» Supplied records:
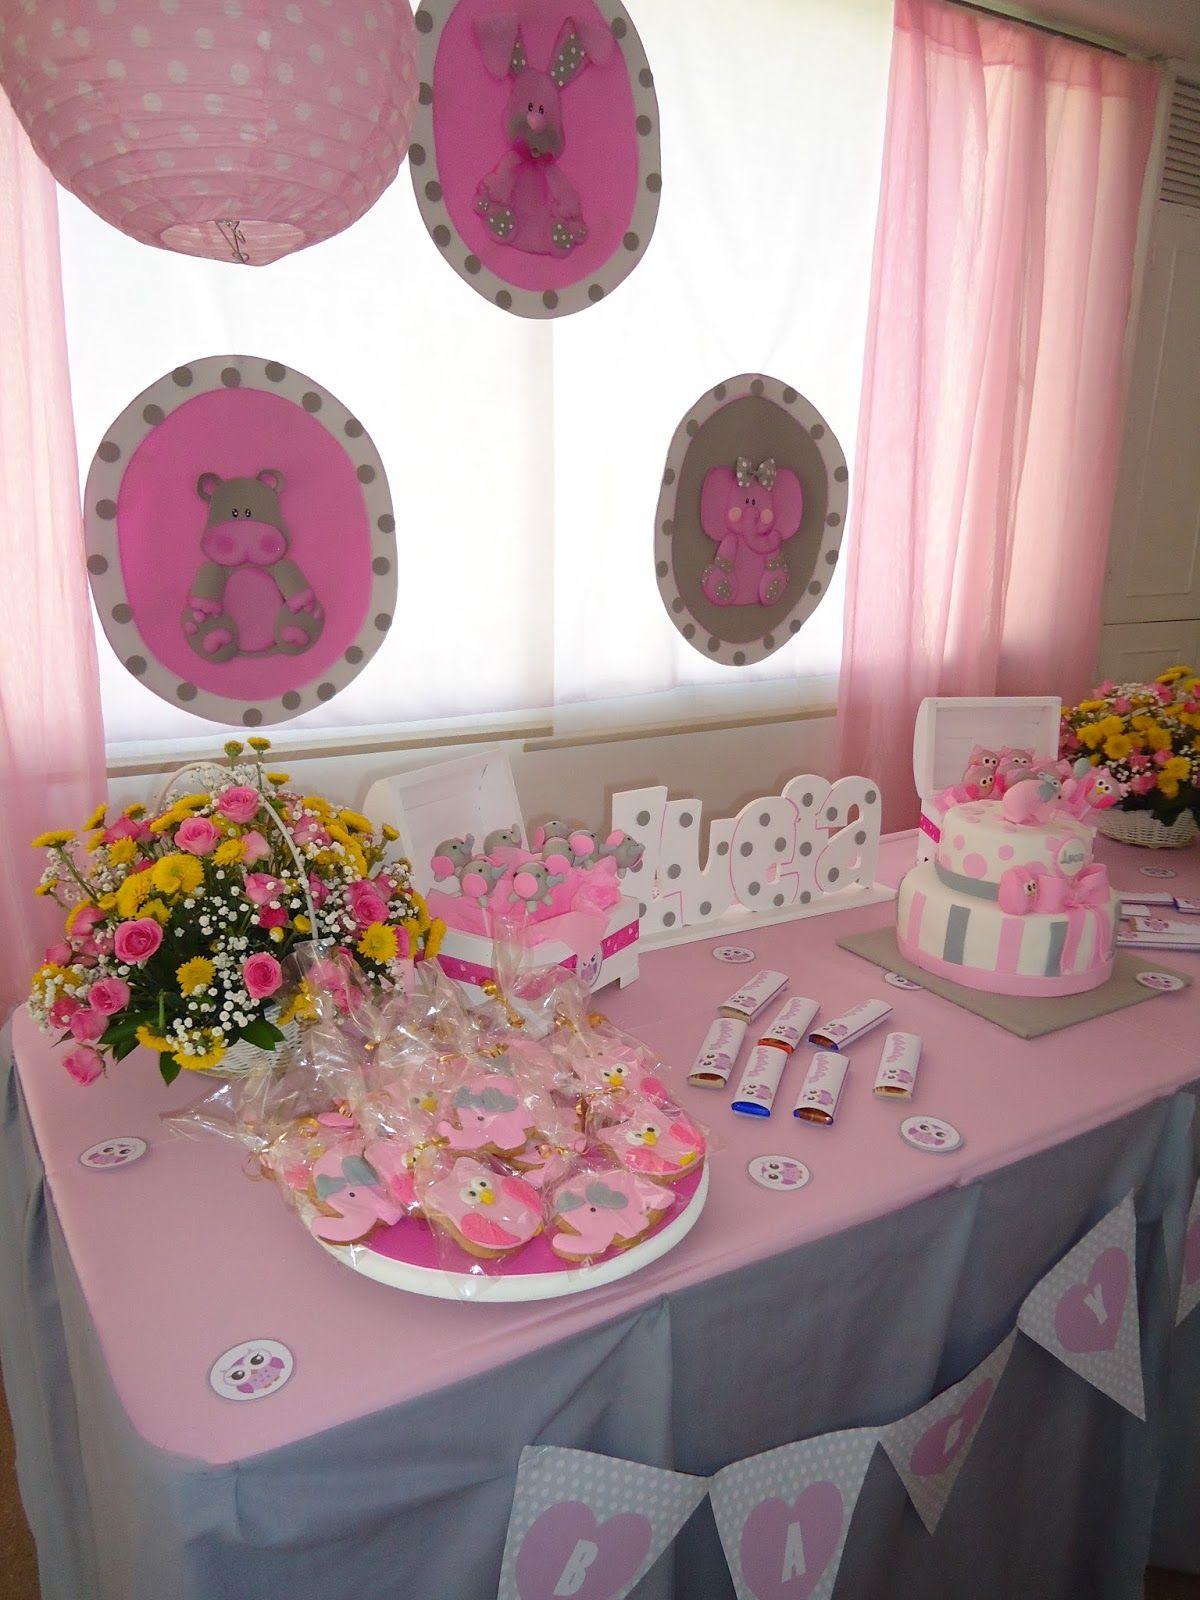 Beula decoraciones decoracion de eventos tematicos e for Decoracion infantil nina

==

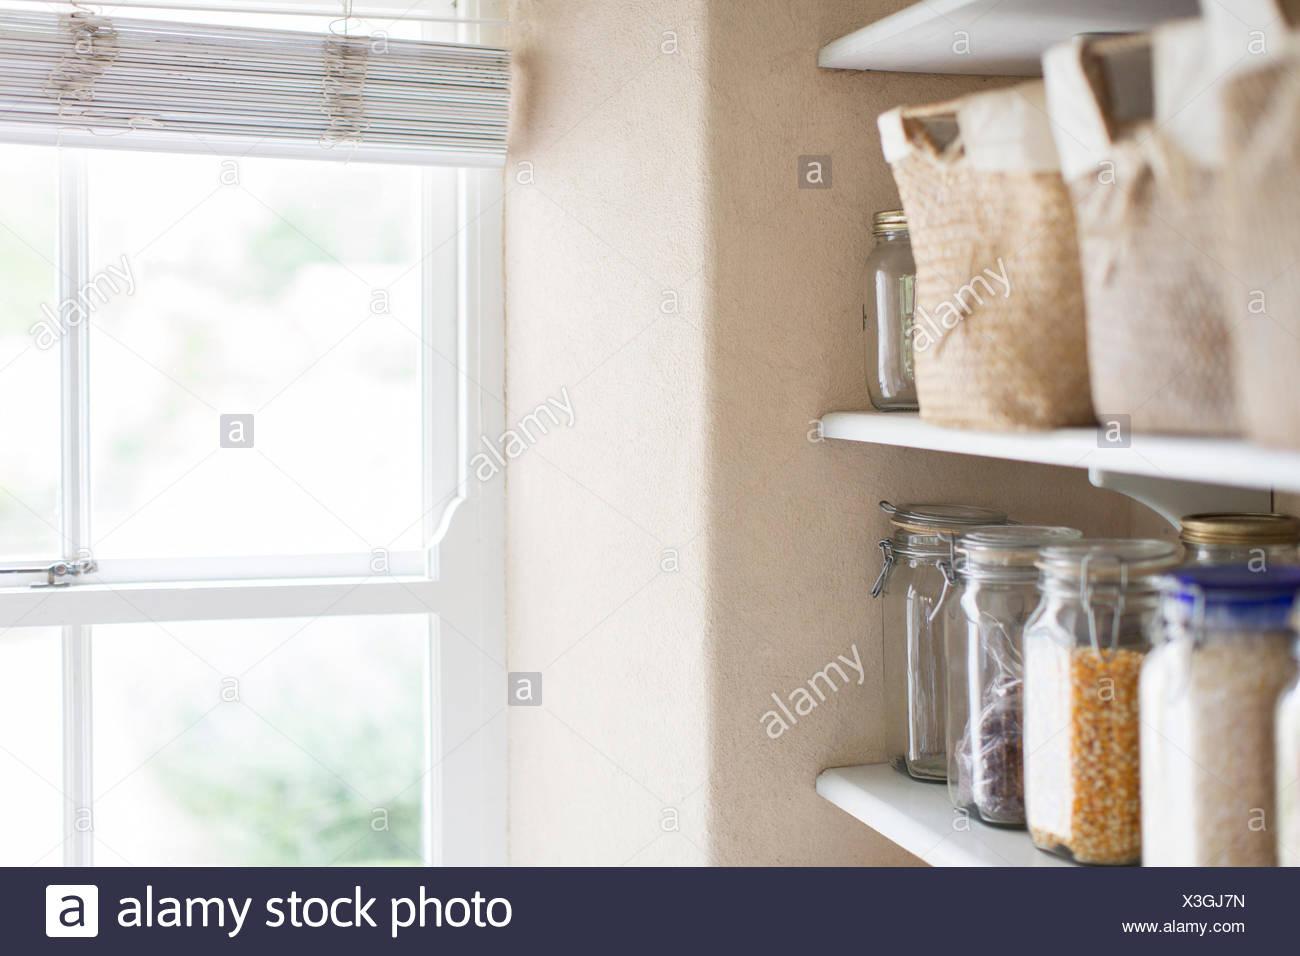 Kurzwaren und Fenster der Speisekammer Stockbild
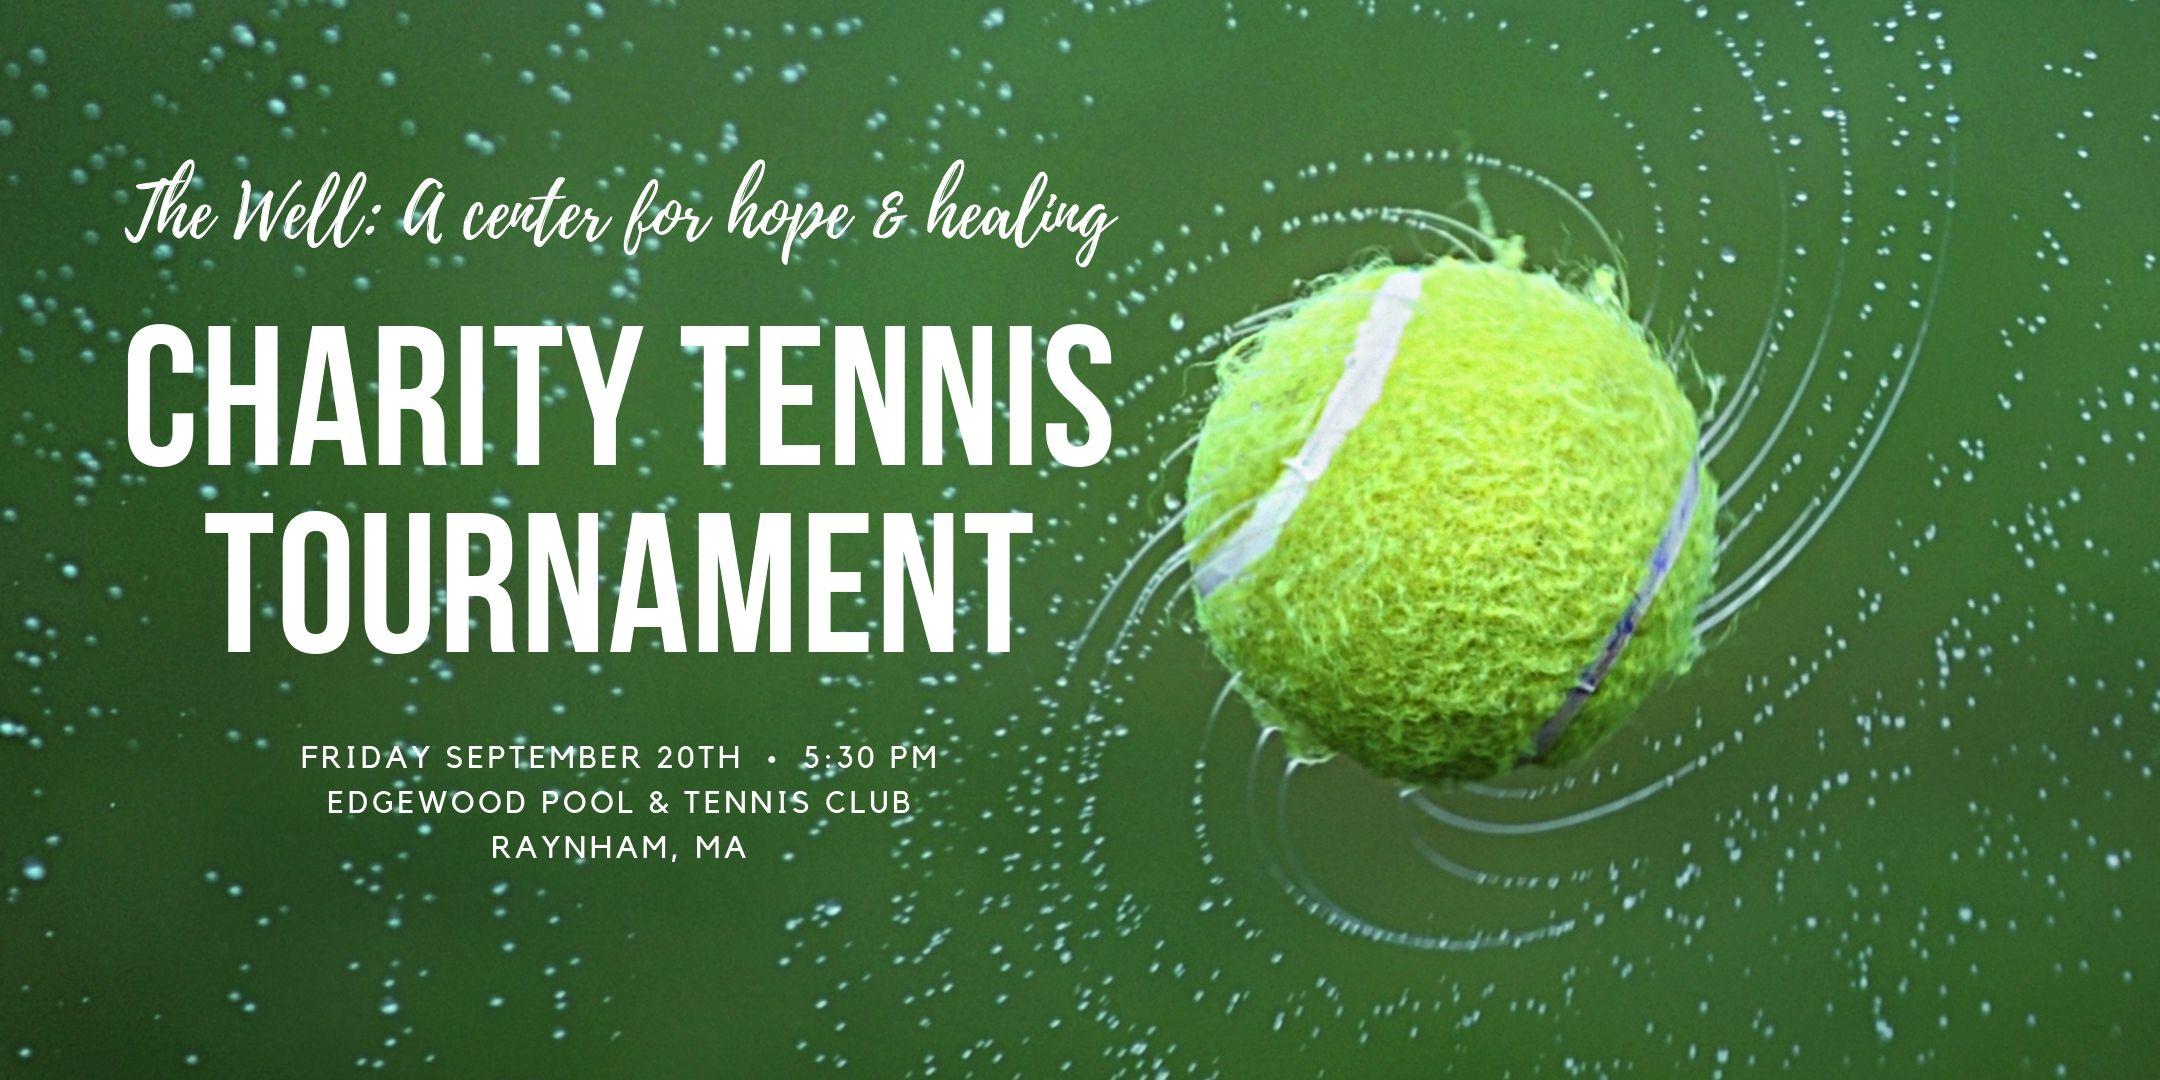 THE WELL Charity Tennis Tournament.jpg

--

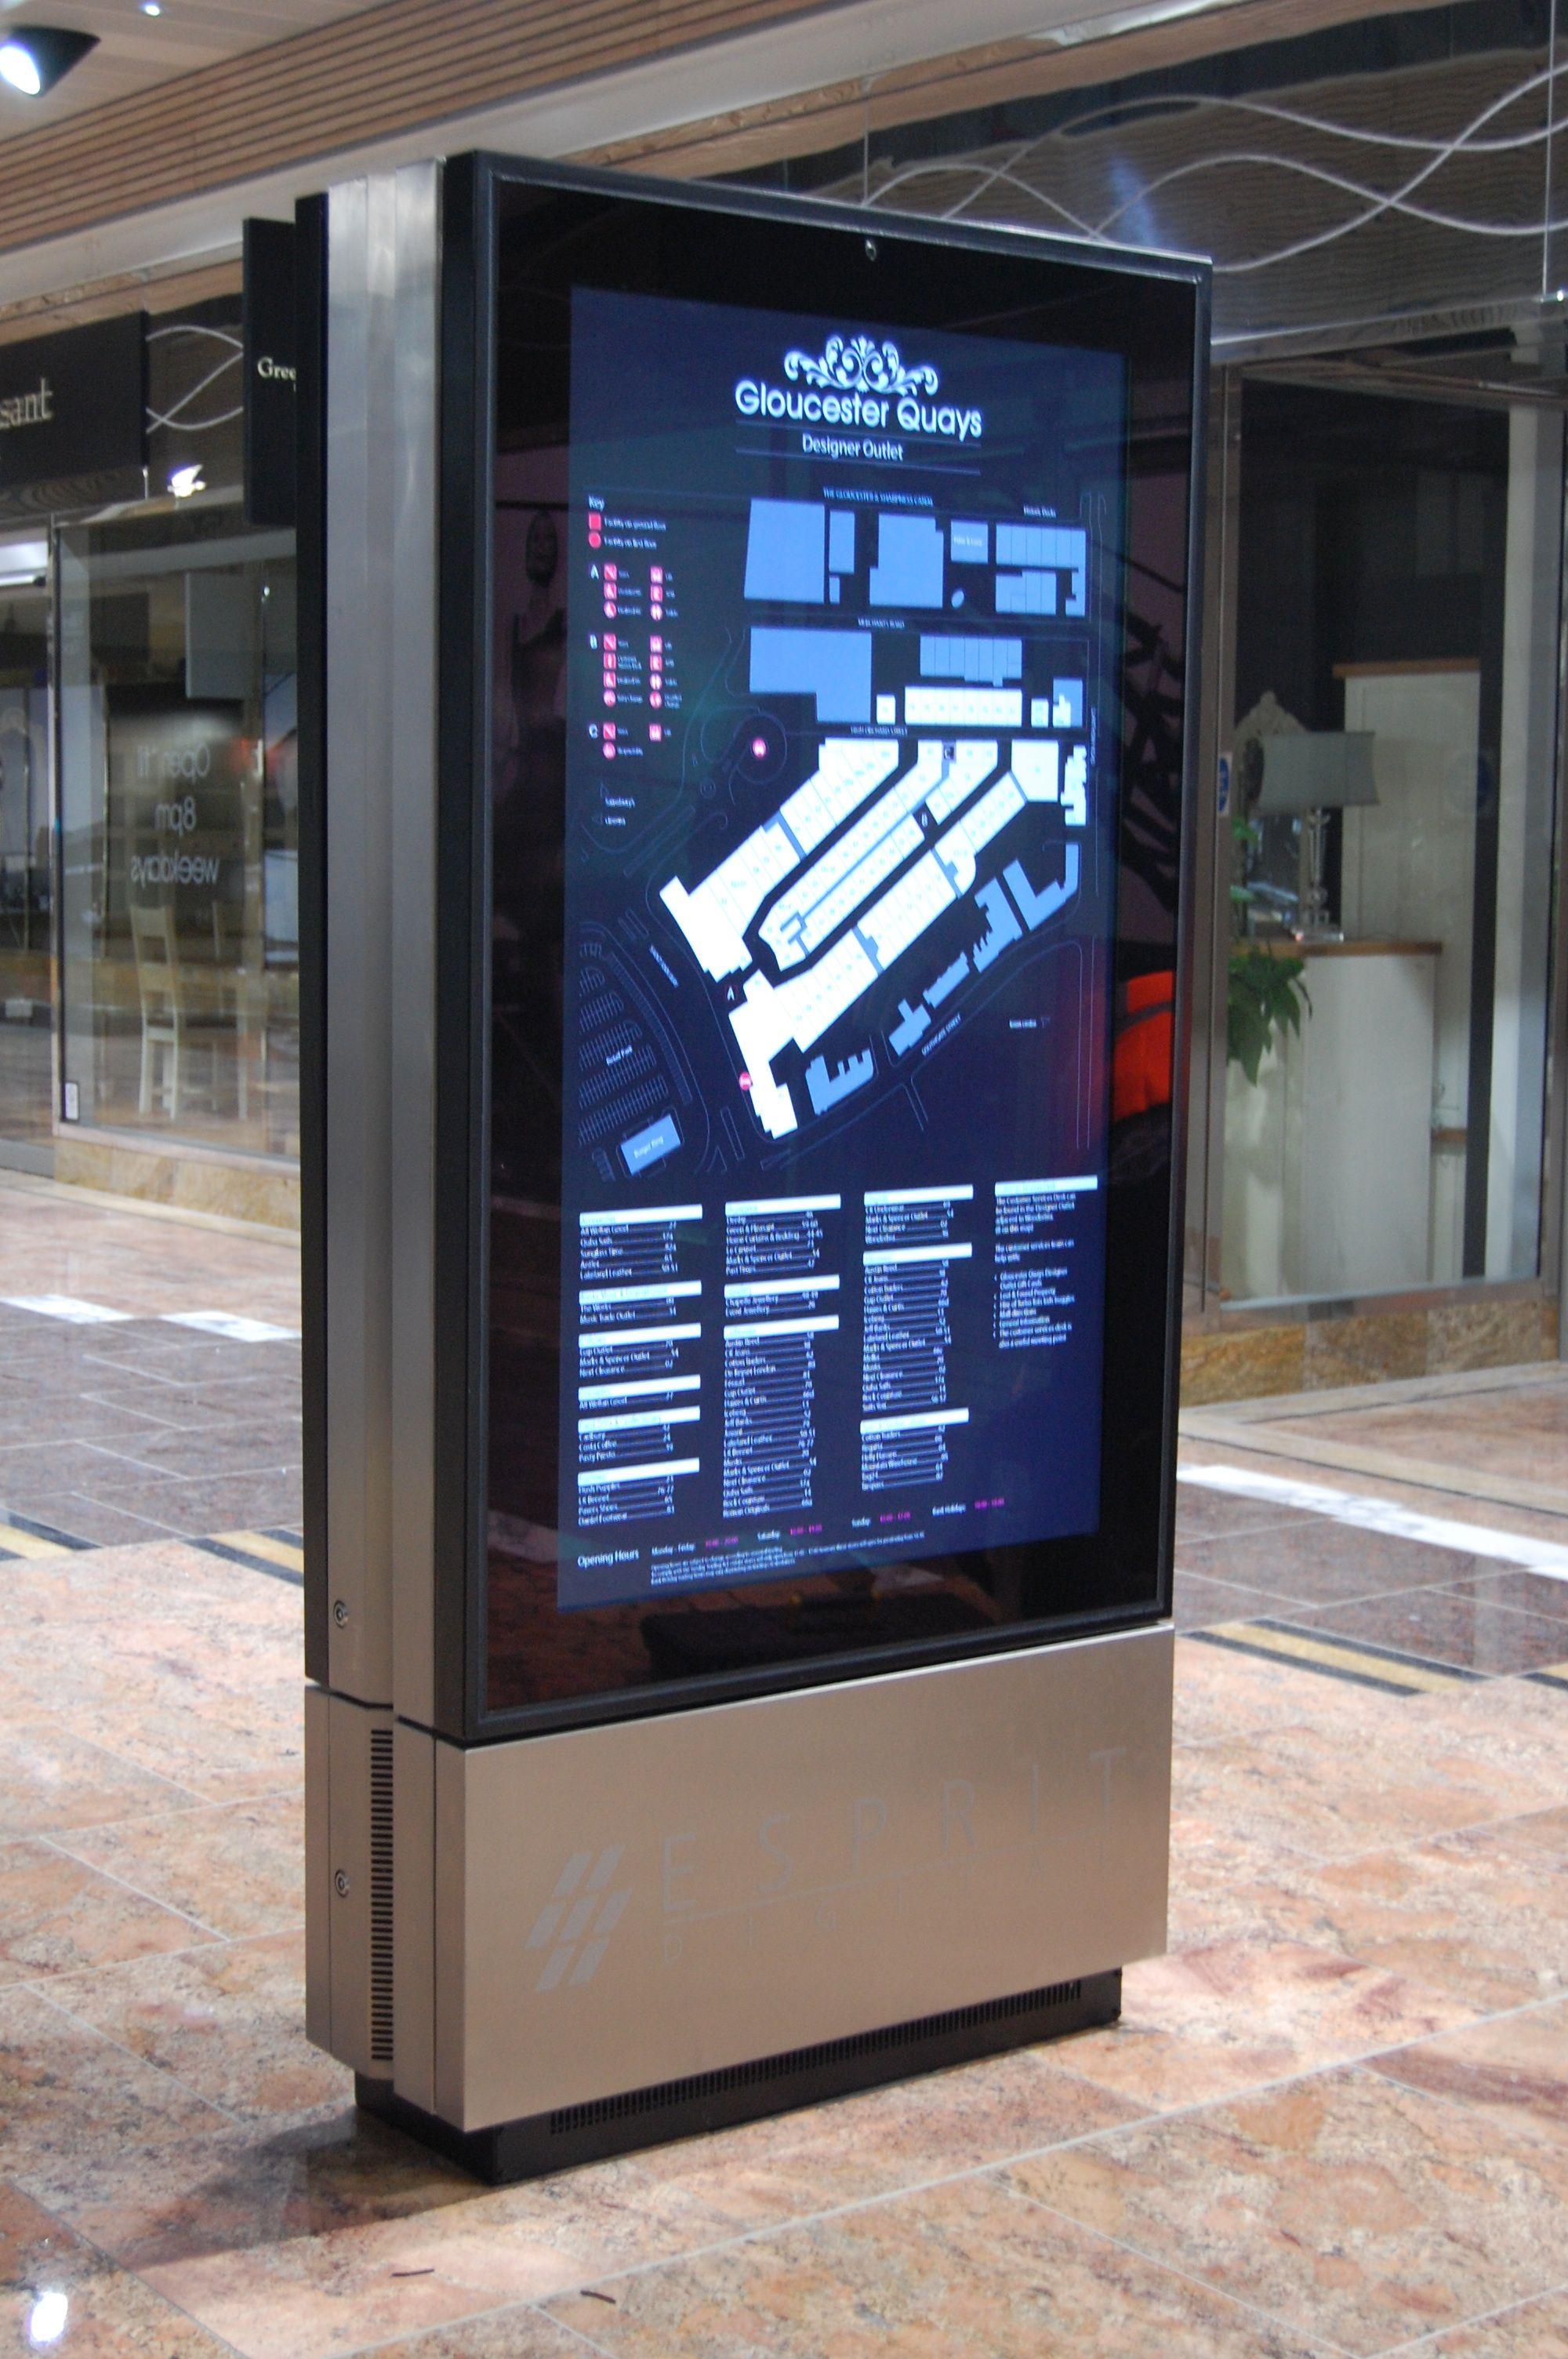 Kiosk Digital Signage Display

» Aim of the task: Retype, exactly and with no pictures, everything above from the line with "Kurzwaren und Fenster" down to the line with "THE WELL Charity Tennis Tournament.jpg", both included.

» Answer to this task:
 Kurzwaren und Fenster der Speisekammer Stockbild
 THE WELL Charity Tennis Tournament.jpg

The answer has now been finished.